— TASK TO CARRY OUT —
The answer should hold only the lines from the one containing "Las 156 alarmas" through the one containing "شرح نص من فضائل" in the entries below, copied exactly, without pictures.

— INPUT MATERIAL —

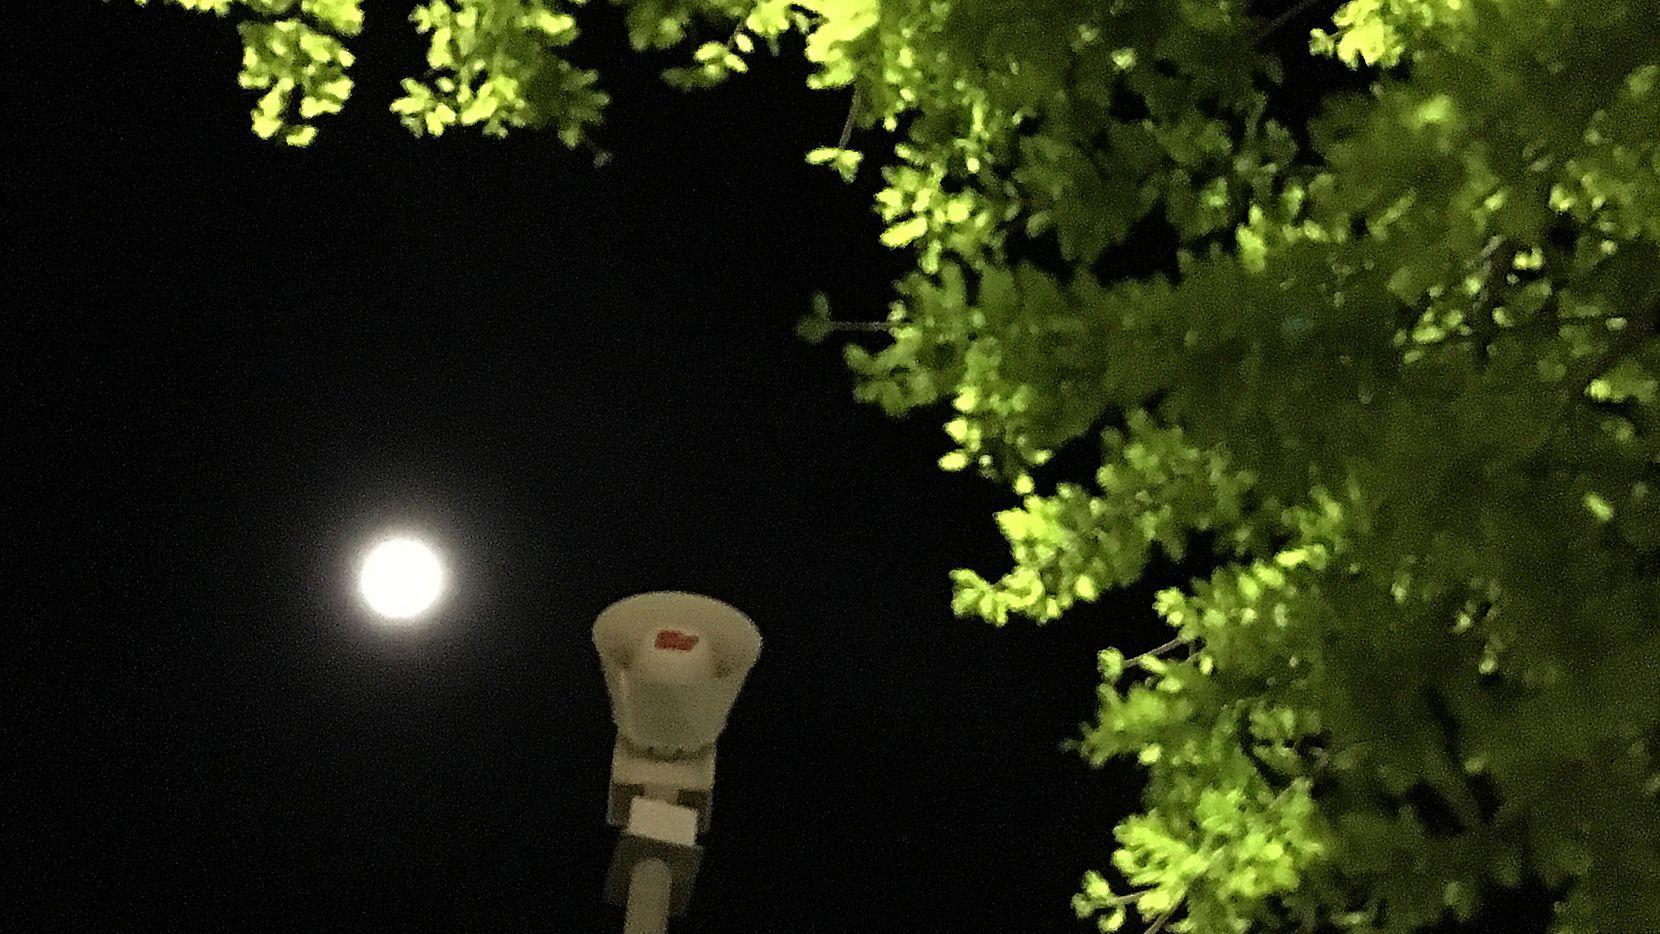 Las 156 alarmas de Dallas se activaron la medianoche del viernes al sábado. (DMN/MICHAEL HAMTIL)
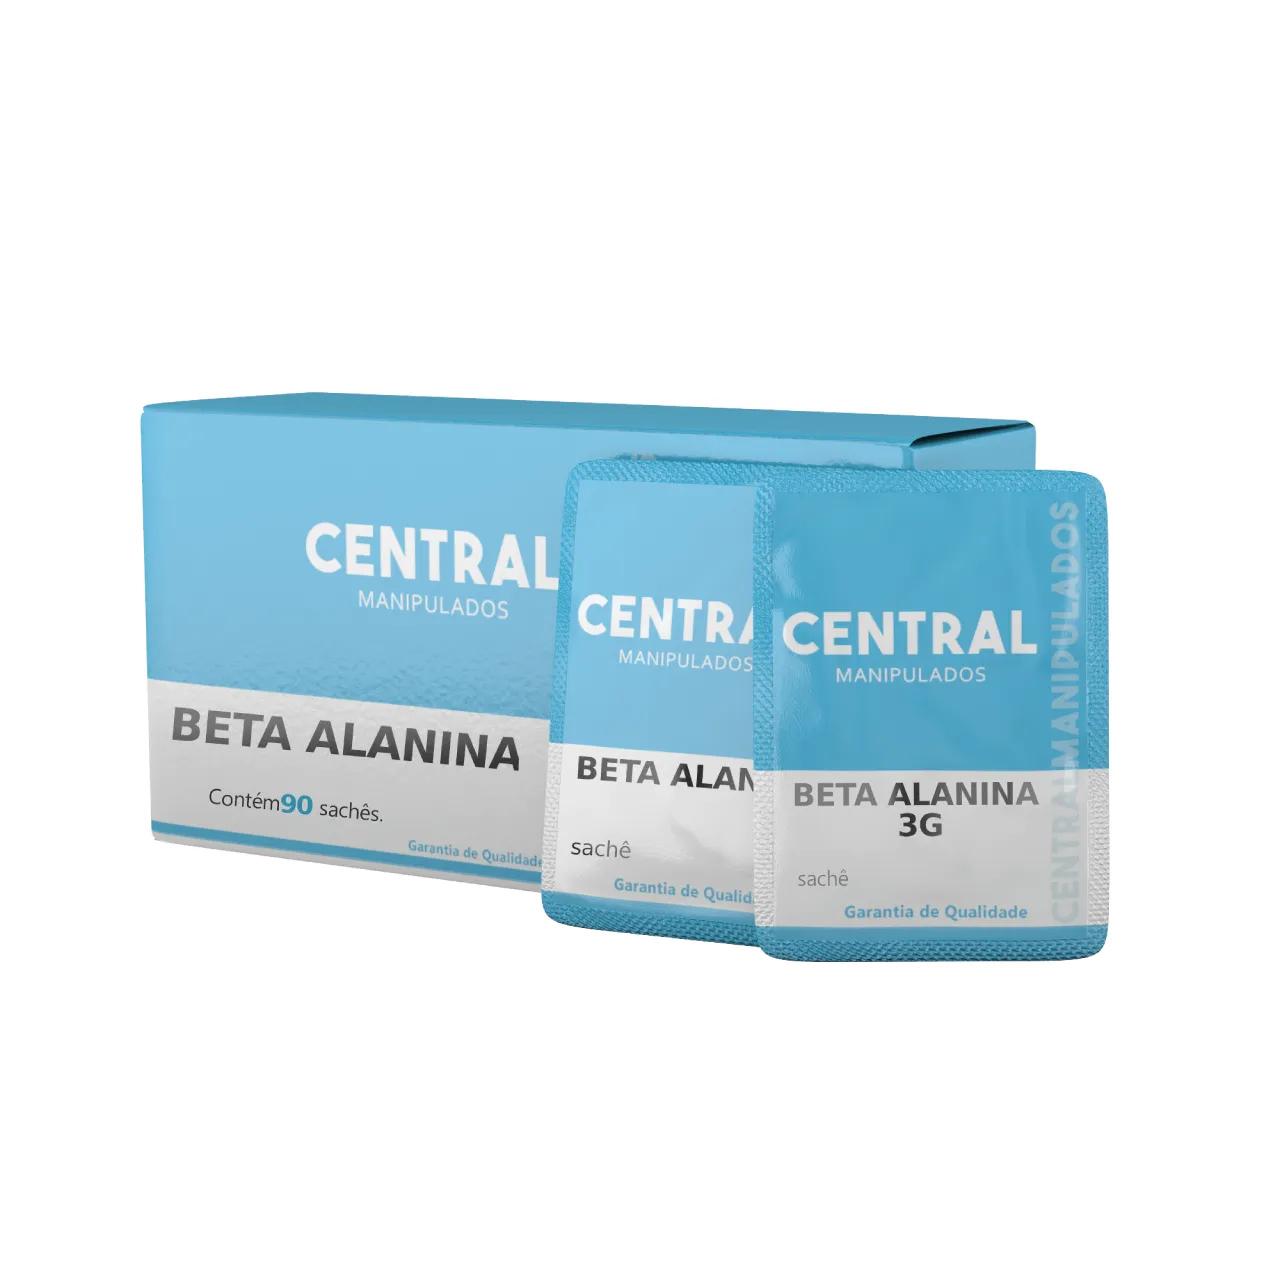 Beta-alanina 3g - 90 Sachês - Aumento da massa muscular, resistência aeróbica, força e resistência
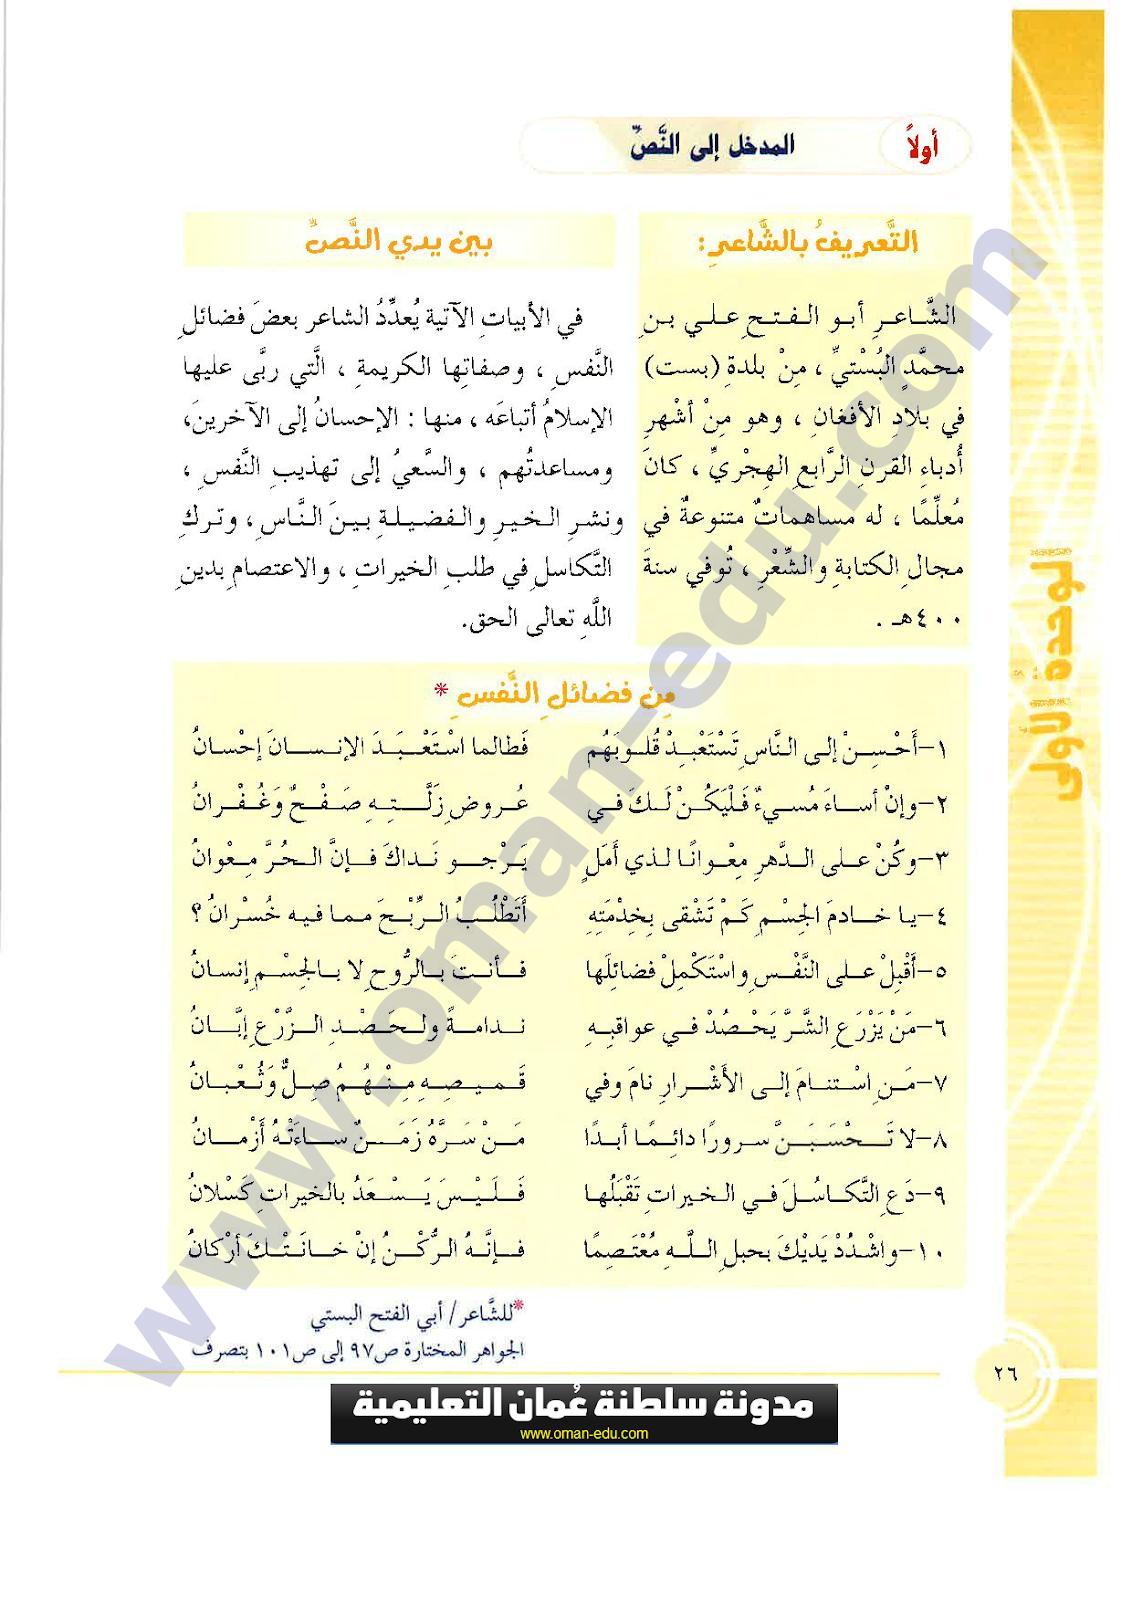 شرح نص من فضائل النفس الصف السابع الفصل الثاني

---

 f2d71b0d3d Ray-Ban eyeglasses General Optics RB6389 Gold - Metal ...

* * *

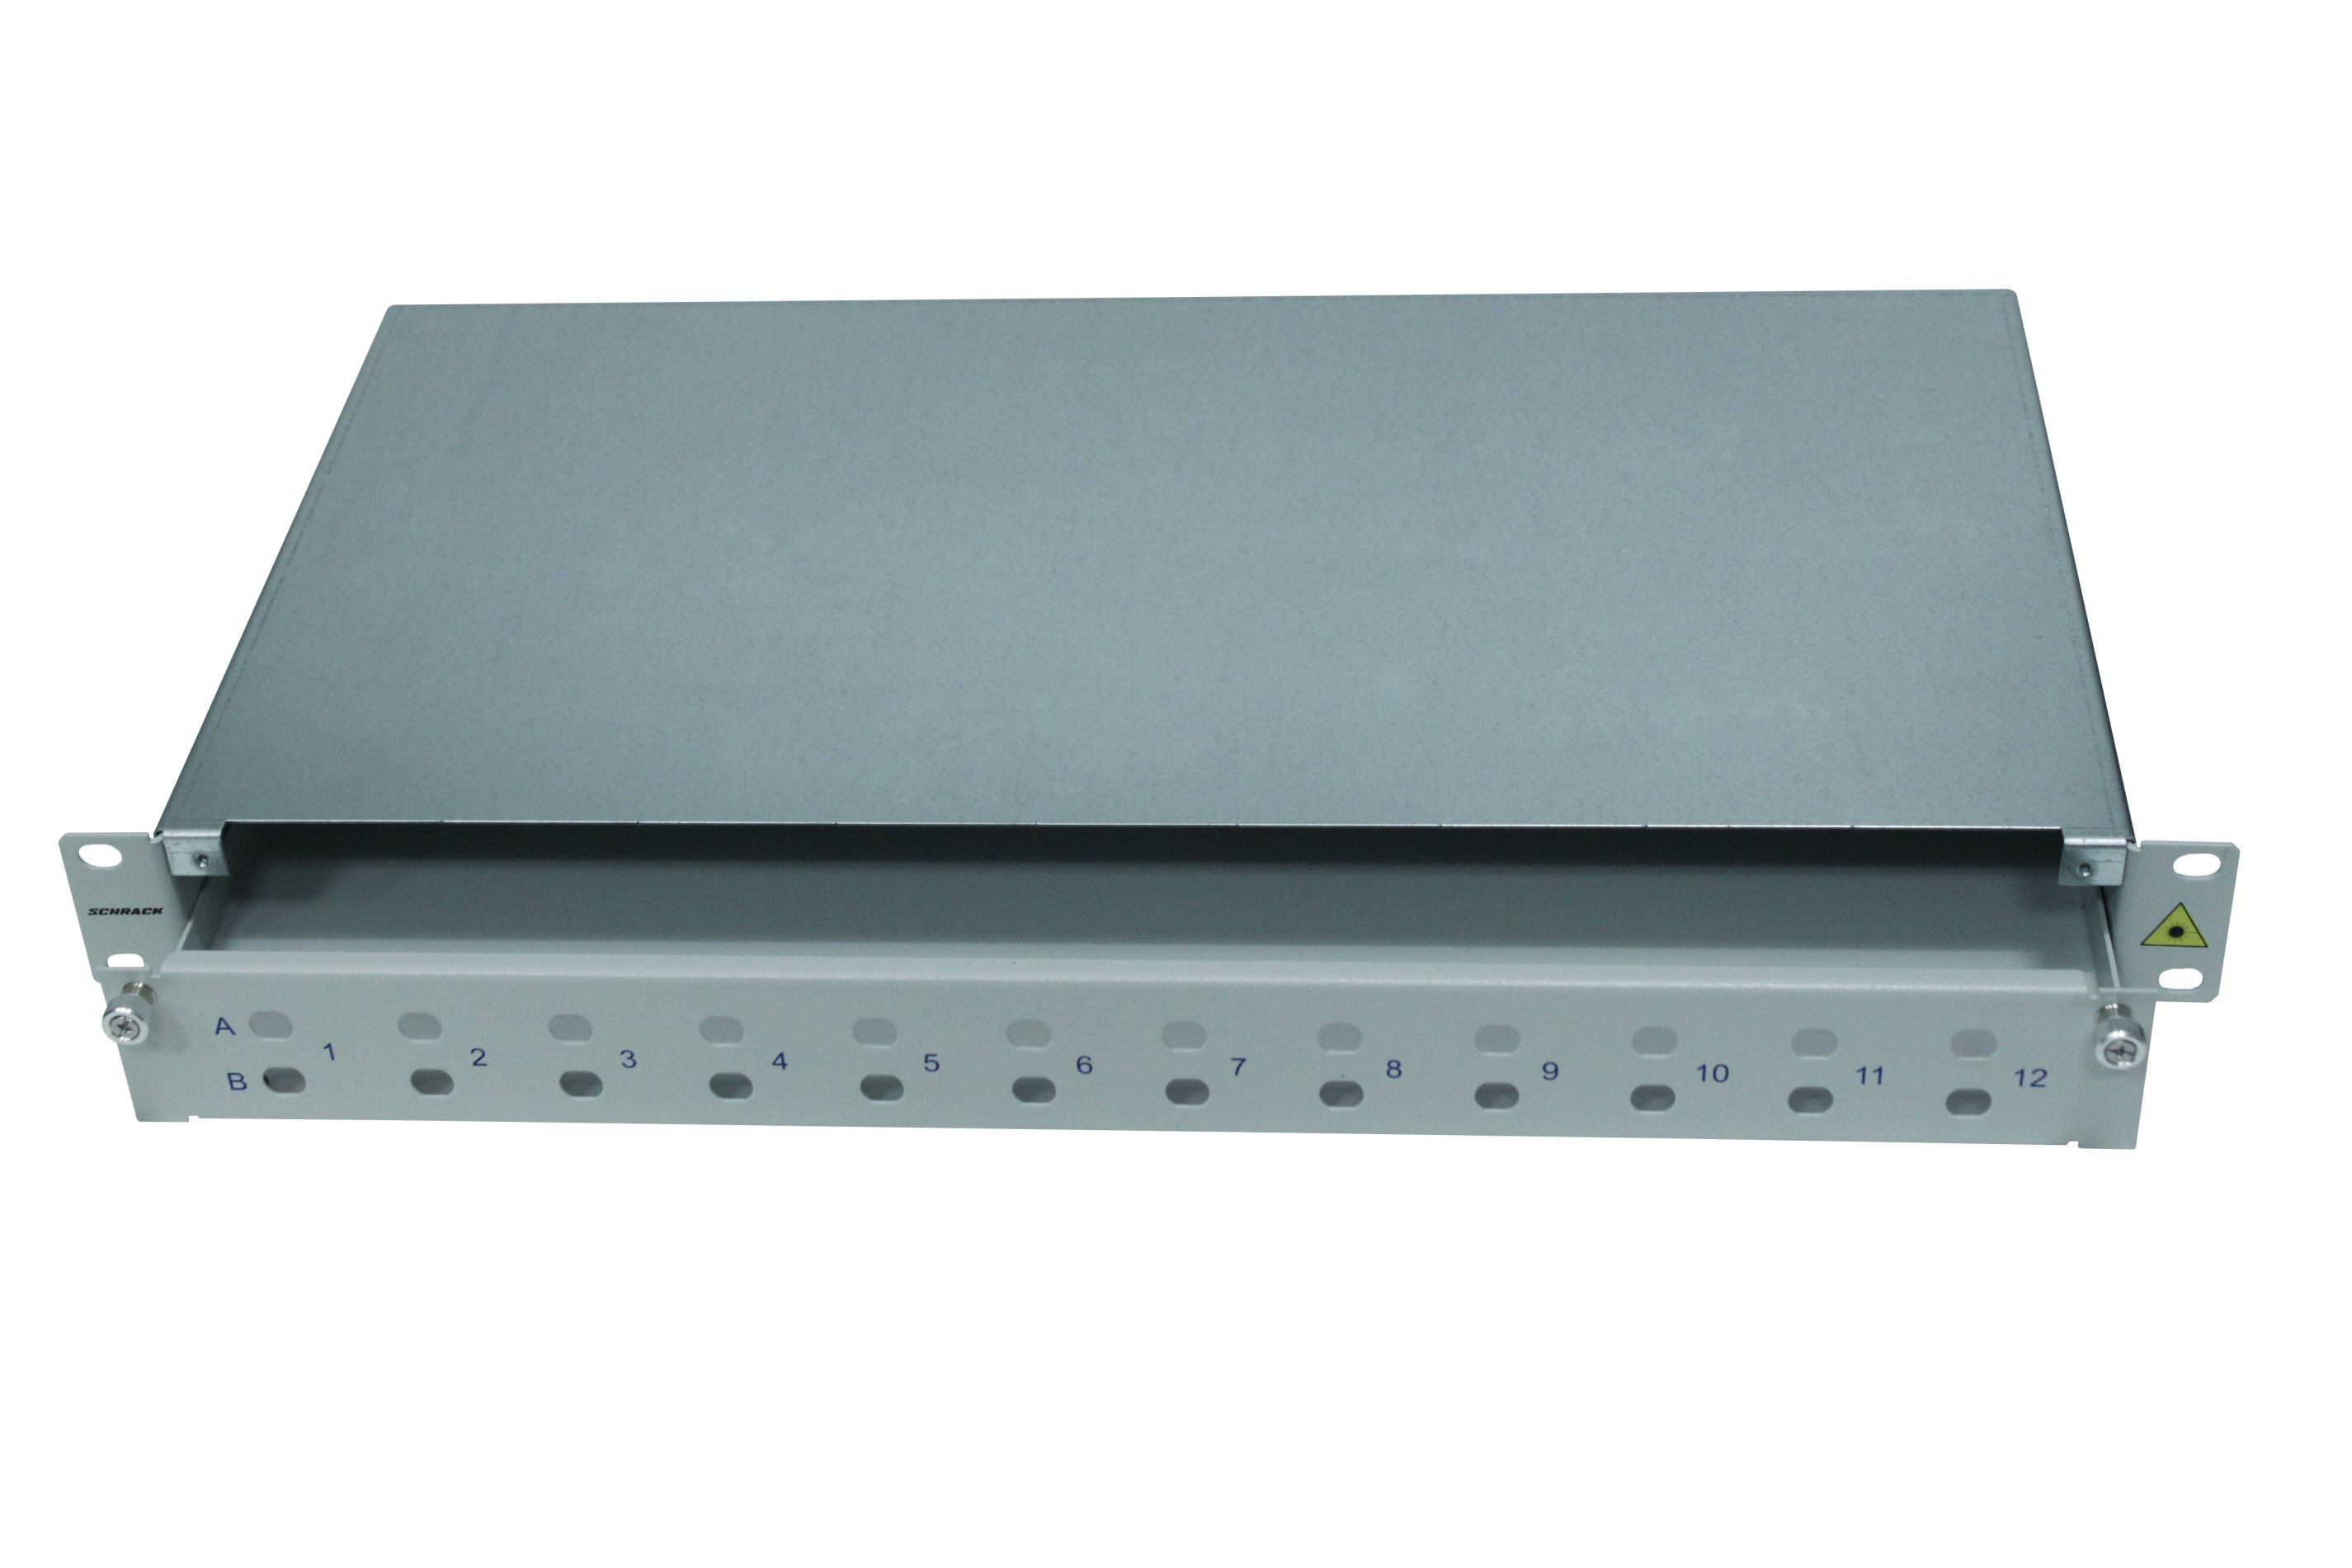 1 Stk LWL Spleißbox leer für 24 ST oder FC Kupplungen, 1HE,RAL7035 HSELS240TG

— RESULT —
 Las 156 alarmas de Dallas se activaron la medianoche del viernes al sábado. (DMN/MICHAEL HAMTIL)
 Beta-alanina 3g - 90 Sachês - Aumento da massa muscular, resistência aeróbica, força e resistência
 شرح نص من فضائل النفس الصف السابع الفصل الثاني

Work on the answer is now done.